Our exposure to the Southern States has been confined to battlefield tours and a “just passin’ through” glimpse of the landscape through the windshield of a rental car or, at best, a grits and cornbread luncheon with locals discovered at a crowded roadside diner.
That said, we’ve always enjoyed our time in the South as well as stories with a Southern theme, such as this week’s ScreenShots pick: “Places In The Heart.”
Set during the Great Depression in Texas, the 1984 film tracks the life of Edna Spalding, a young mother forced to take the helm of her farm and family after the shooting death of her Sheriff husband.
Edna (Sally Field) is backed by a supporting cast including Ed Harris, Lindsay Crouse, Ray Baker, Amy Madigan, Danny Glover, John Malkovich, Terry O’Quinn and Jerry Haynes – all of whom come together to paint a vivid picture of life and times in a small American town during a period when everyone has nothing and the Dust Bowl is claiming farms throughout the Southwest.
Their lives play out in a town called Waxahachie. It’s 1935 and the prejudices that existed in that time are drawn into focus when Edna’s husband Royce is called on to stop a happily drunk black teenager, Wylie, firing a pistol in the town rail yard. Wylie’s gun clicks on an empty chamber and he turns to address the Sheriff, thinking the gun is empty but loosing a shot that strikes Royce, killing him.
Vengeful townsmen return Royce’s body to his widow, Edna, and their children, Frank and Possum – a truckload of vigilantes dragging Wylie’s battered body behind them. Later, Wylie’s relatives take his body down from where it was left hanging in a tree and both men are buried in different graveyards on the same day.

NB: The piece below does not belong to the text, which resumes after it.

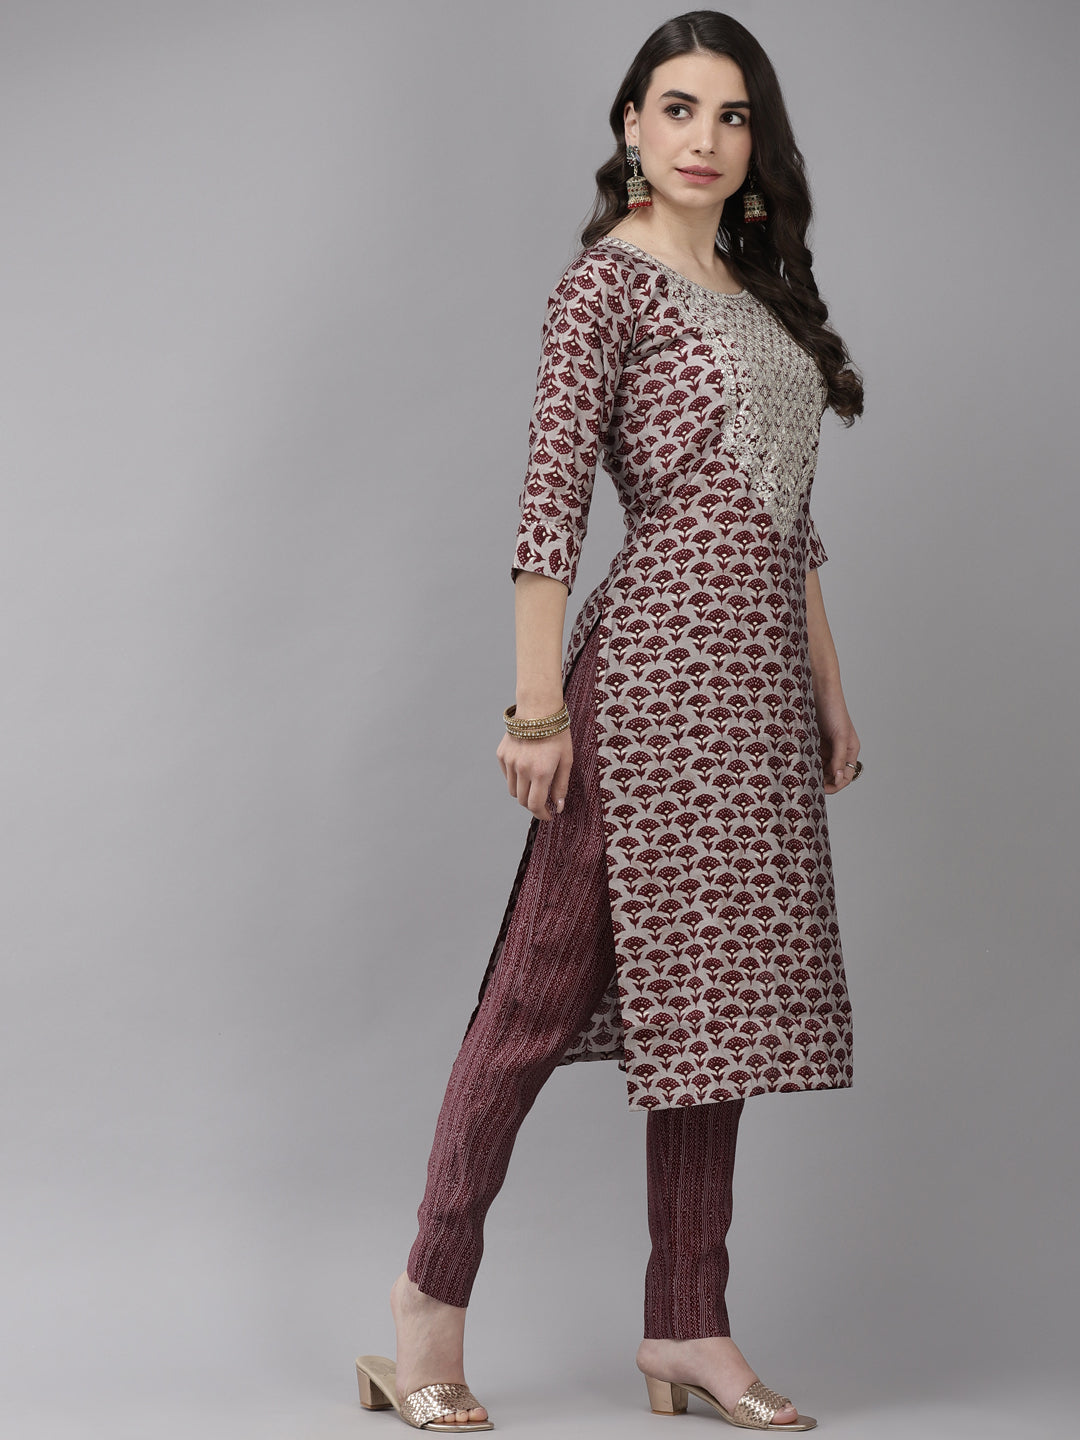 Women's Silk Blend Grey & Maroon Embroidered A-Line Kurta Trouser Dupatta Set - Navyaa

On her own, with bills to pay and mouths to feed, Edna turns to her sister, Margaret, who helps with funeral expenses but doesn’t have the money for much more. A transient handyman named Moses “Moze” Hadner (Glover) appears at her door the night of the funeral, asking for work. Moze offers to plant cotton on her 30 acres, citing his experience as a sharecropper and offering to share in any profits but Edna, unmoved, feeds him and sends him on his way. The next morning, she finds him chopping wood in her yard and makes him breakfast, Moze seizing the opportunity to steal some silver spoons.
Deputies stop Moze and find the spoons, bringing him back to the Spalding farm for adjudication. With Moze’s fate hanging in the balance Edna says she has hired him and gave him permission to take the spoons. We learn that the bank holds the note on the family farm, and the price of cotton – its only crop – is plummeting. The local banker, Albert Denby (Lane Smith), insists she needs to sell the farm to make good on the note and, peeved that she is taking the advice of a black man and refuses to sell to him, forces her to take his war-blinded brother-in-law, Will (Malkovich), as a paid lodger.
We’ll leave the rest of the yarn to you, small characters with big problems dropping in and out, the pacing of life in a small town beating time for the way things play out, so slow you can almost feel the heat coming off the fields and hear the buzz of the “dog-day” cicadas.
Places in the Heart was released in 1984 to critical and commercial success. Reviewers praised its screenplay, direction and performances of the cast (particularly Field, Malkovich and Crouse), with the film grossing $34.9 million against a $9.5 million budget. It garnered seven nominations at the 57th Academy Awards including Best Picture and won two: Best Actress (for Field), and Best Original Screenplay.
We liked the ending, which some have criticized as overly religious, but which we thought wrapped in neatly with portrayal of life in a small Texas town.
The movie is currently streaming on most services.